The team that assesses the environmental impacts of major projects on the nation’s public lands will be split up and spread across seven states, according to new internal documents breaking down the Bureau of Land Management’s (BLM) plans to relocate most of its Washington-based employees out west. The documents reviewed by The Hill provide insight into how BLM plans to split up teams, spreading people who currently work together to offices across different states. “It’s more apparent than ever to me what the goal is for this proposal, and it’s not to make things more efficient and to get things on the ground,” said Steve Ellis, who served 38 years with BLM before resigning from its highest level career position in 2016. “Staff is being scattered so they can’t work together efficiently and effectively.”...MORE
This is written as if faxes, scanners, instant document sharing and video conferencing didn't exist. They don't have to be in the same room in D.C. to be an interdisciplinary team.

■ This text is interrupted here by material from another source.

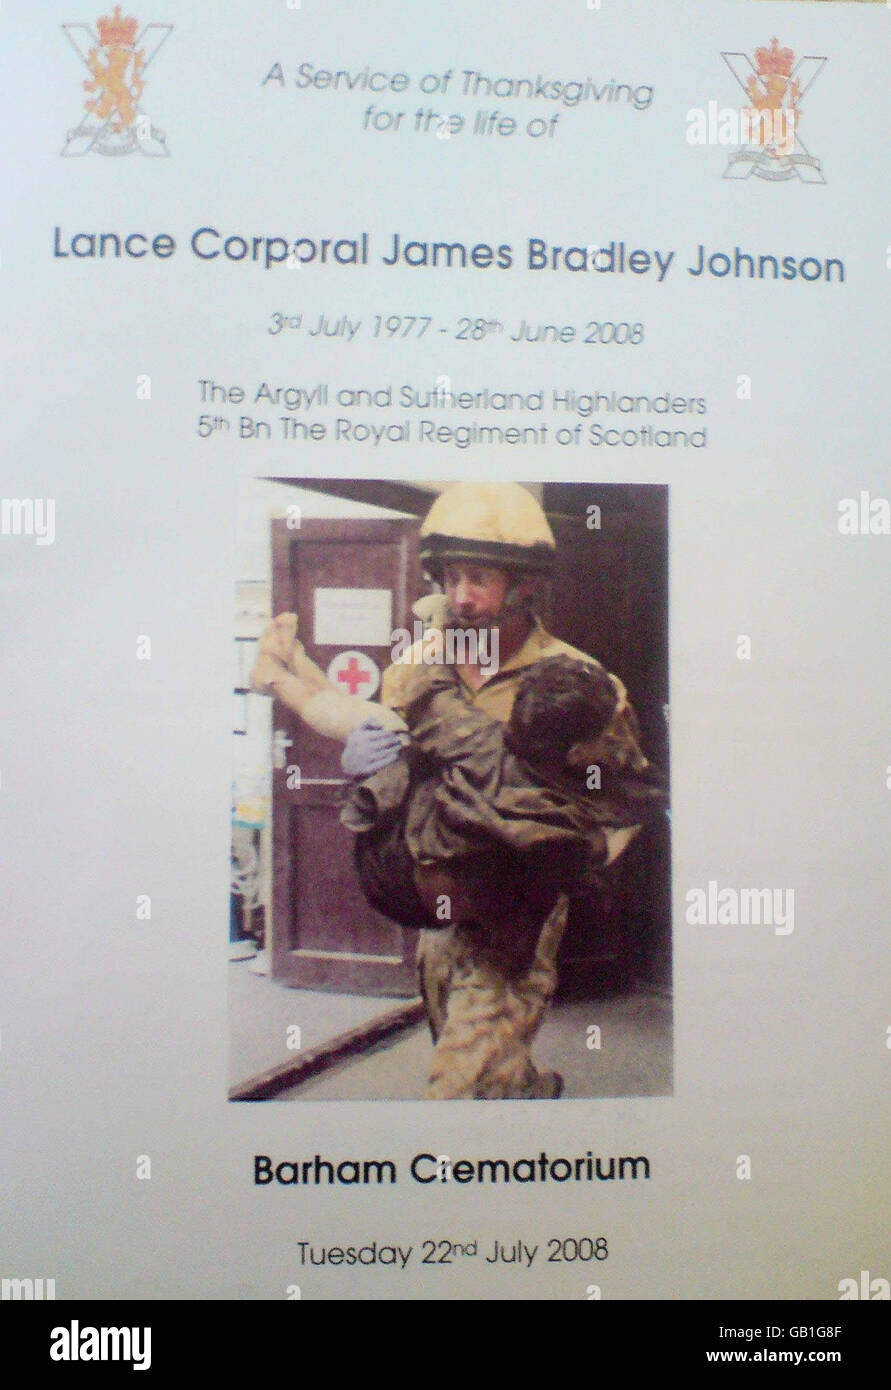 Das Flugblatt des Order of Service für die Beerdigung von Lance Corporal James 'Jimmy' Johnson vom 5. Bataillon des Royal Regiment in Barham Crematorium in der Nähe von Canterbury, Kent. Stockfoto
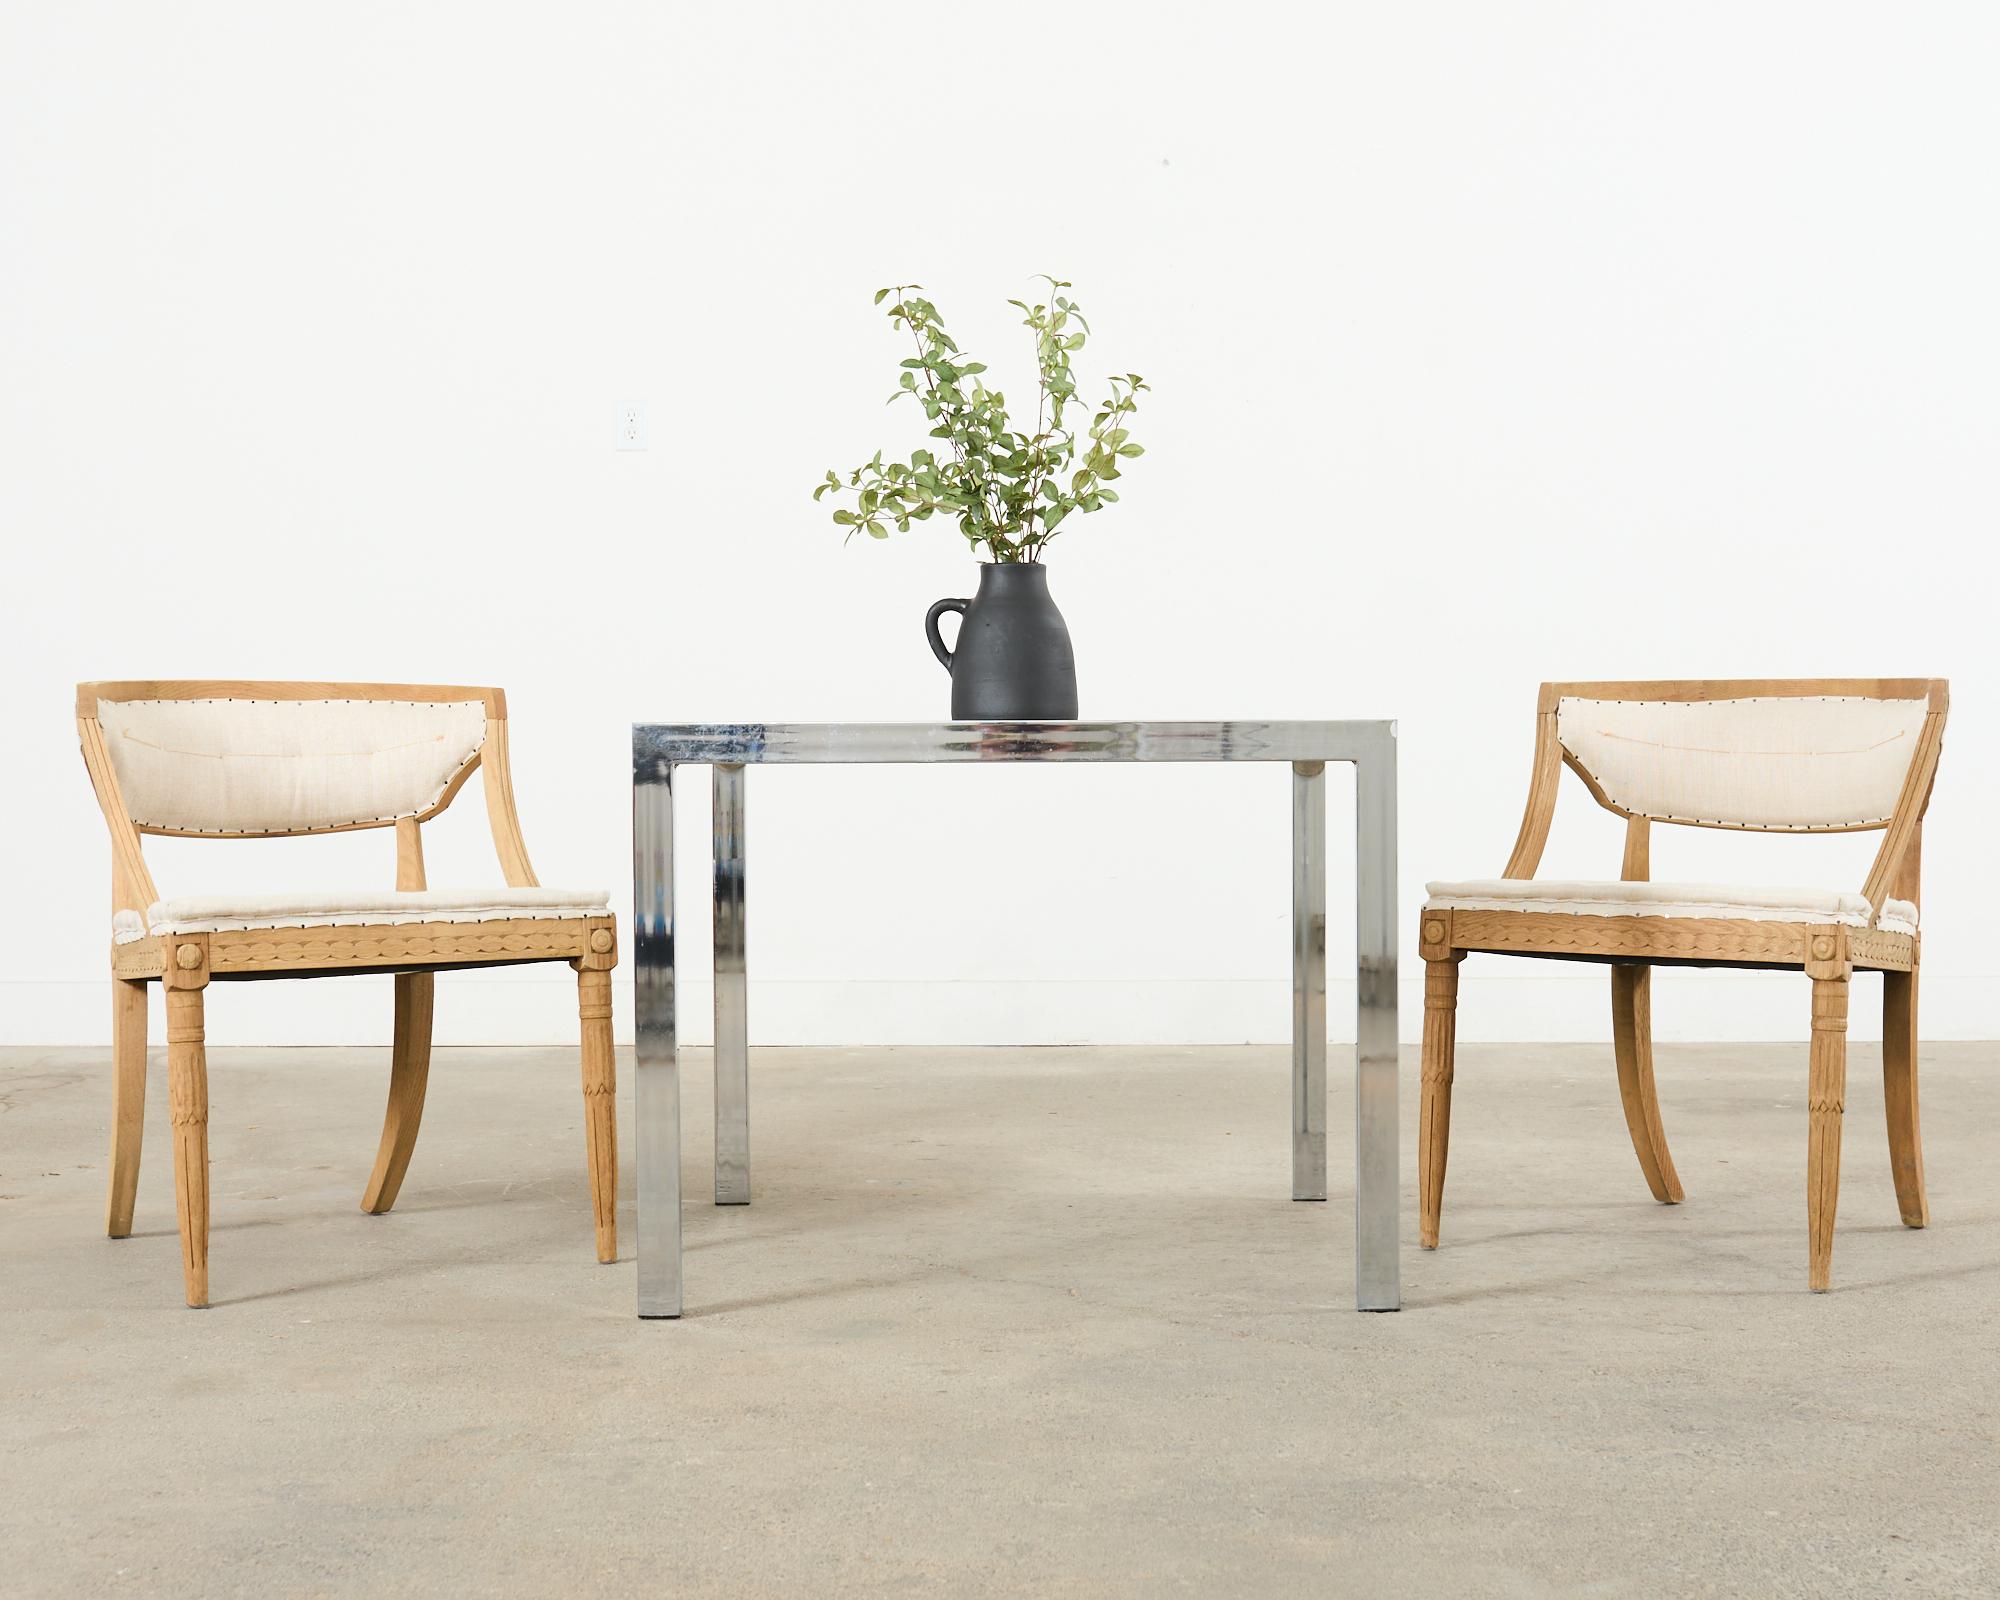 Ensemble de quatre chaises de salle à manger déconstruites de style suédois gustavien, recouvertes de tissu de mousseline et patinées par les intempéries. Les cadres en bois dur non fini sont très robustes et très travaillés, avec un dossier

This comes after Interior announced in 2017 it would streamline the NEPA process by centralizing reviews primarily among some of the highest-level Interior and BLM political appointees.The above is what they really object to, along with removing the employees from the "corridors of power" in D.C. How dare they attempt to streamline a process that has effectively choked off management initiatives and turned management of federal lands over to the courts.
NEPA is a federal law passed by politicians and administered by employees who are funded by politicians. Every NEPA document is political in nature and it is really ignorant to assert that political appointees should somehow remain divorced from the process. I'm beginning to wonder if these folks believe that elections don't matter. If you want nonpolitical decisions, then remove these lands from the federal estate.
2 comments:
Swamp rats will always fight you until they are exterminated.
"Remove the lands from the federal estate" is exactly what is needed but please first put the Forest Reserve and the Forest Service into the Department of Interior where it belongs.